US Embassy goes to Bavaro
The American Citizens Service Unit of the Consular Section of the United States Embassy has announced that as part of its program of service to its citizens, there will be an operation in the Bavaro area next Tuesday, 5 May, from 12:30 to 3:30 in the afternoon in the Amstar Building on Km 2 of the highway. During the operation, personnel from the American Citizens Service Unit will provide services on passport renewals and notary services. No processing for new passports will be done, nor will requests for Consular Certificates for Overseas Birth be taken. These services are only available at the Consular Section in Santo Domingo. A consular officer will be available to answer questions on Social Security and other federal benefit programs. These services will only be offered by appointment. In order to renew passports or for a notary service, you can program your appointment with the American Citizens Service Unit from 1:00 until 3:30 from Monday thru Thursday. For appointments regarding federal benefits a person can call the consular Section between 1:30 and 4:00 in the afternoon from Monday thru Thursday.
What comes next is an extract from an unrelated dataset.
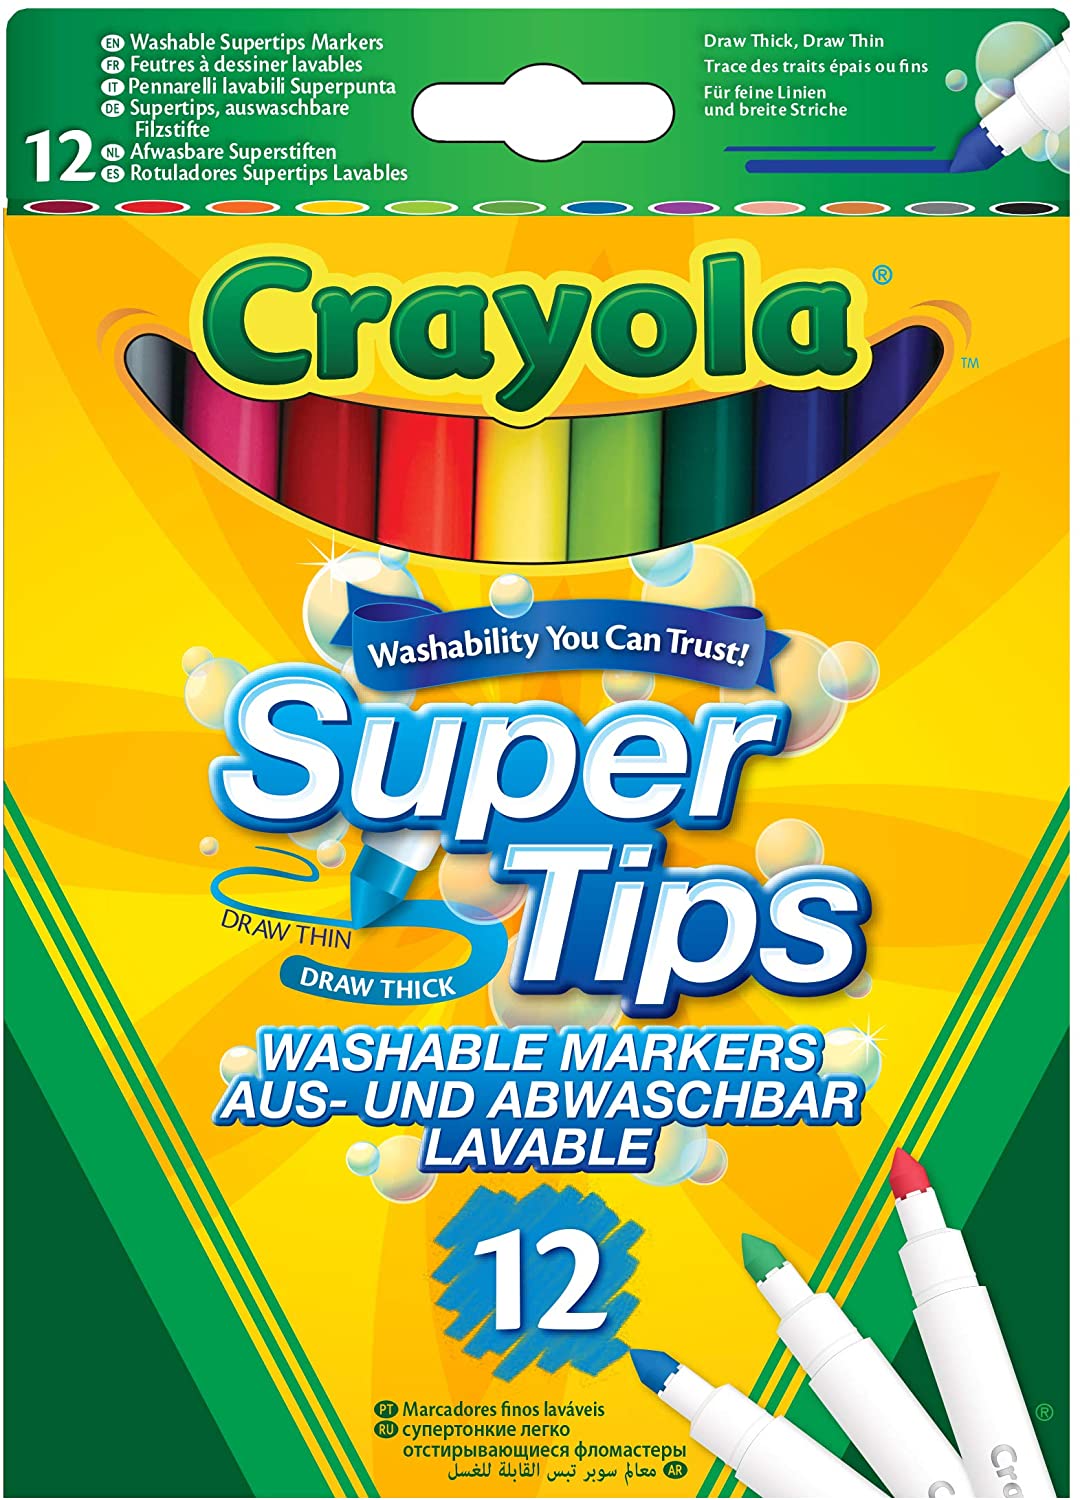 Crayola Supertips waschbar – 12 Stück
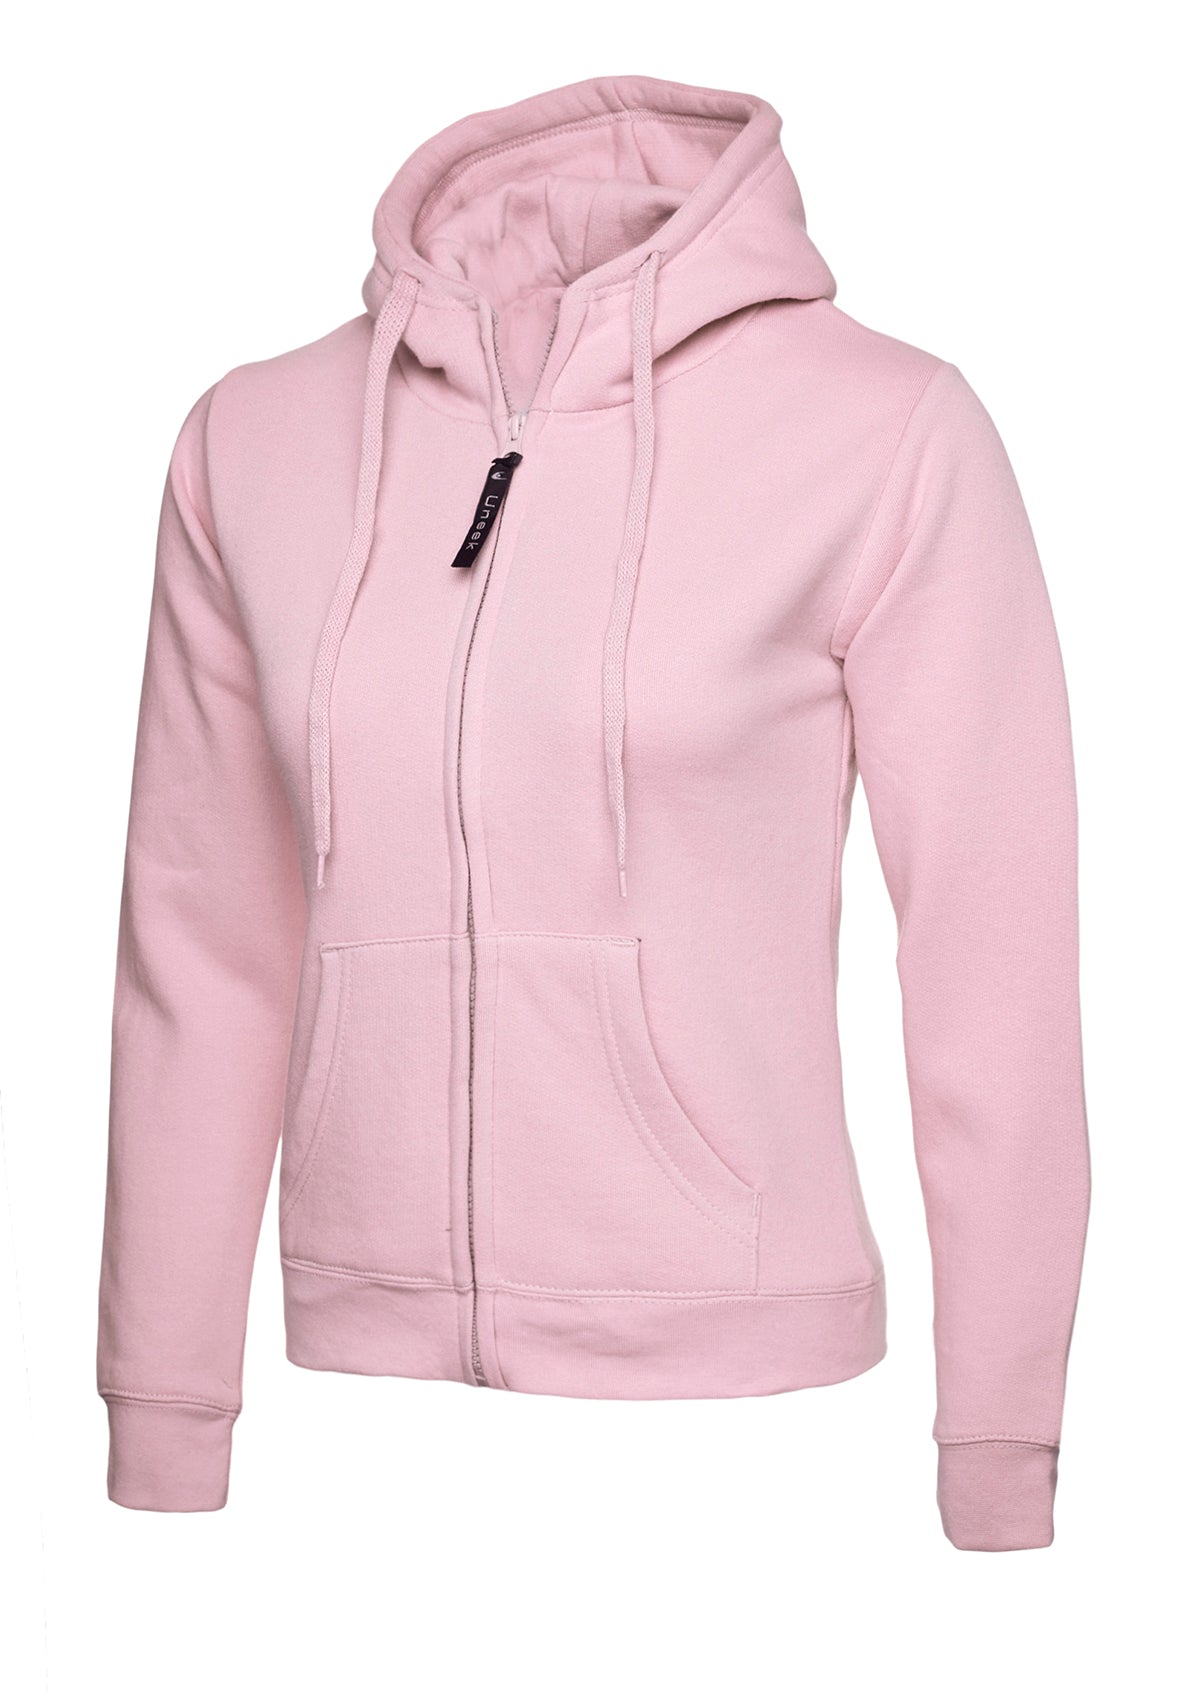 Uneek Ladies Classic Full Zip Hooded Sweatshirt UC505 - Pink

The appointments should be arranged before 30 April.

Book fair launched
Just hours before last night's inauguration of the XII International Book Fair by President Leonel Fernandez, the work of security, cleaning, setting up of booths for exhibitors and carpentry work, painting and decoration dominated the organizers' attention. More than 322 exhibitors, dozens of guides, and 30 countries will work to ensure that visitors can make the slogan of this year's event, "Reading raises you up" part of their lives. According to Diario Libre, this XII edition of the Book Fair, which features Brazil as guest of honor, will include visits by some prominent international writers and intellectuals like Fray Betto, a leading liberation theology thinker and author of more than 40 books. The book fair will also feature appearances by Nelida Pinon, the first woman to hold the presidency of the Brazilian academy of letters, along with Adolfo Castanon and other intellectuals. Book Fair director Alejandro Arvelo promises that this fair will be "the best organized in the last five years". Minister of Culture Jose Rafael Lantigua was seen yesterday walking around and closely monitoring the set-up. He looked optimistic, saying that he thought that due to the economic crisis that has gripped the attention of the politicians, the number of book fair participants might be reduced, which, to his own great relief, has not been the case. Lantigua said that they have been following an austerity plan. Referring to the sales of books, teaching materials and food that also form part of the offerings, Lantigua said, "I think that during these 14 days (the duration of the event) the Fair will boost the economy here in Santo Domingo."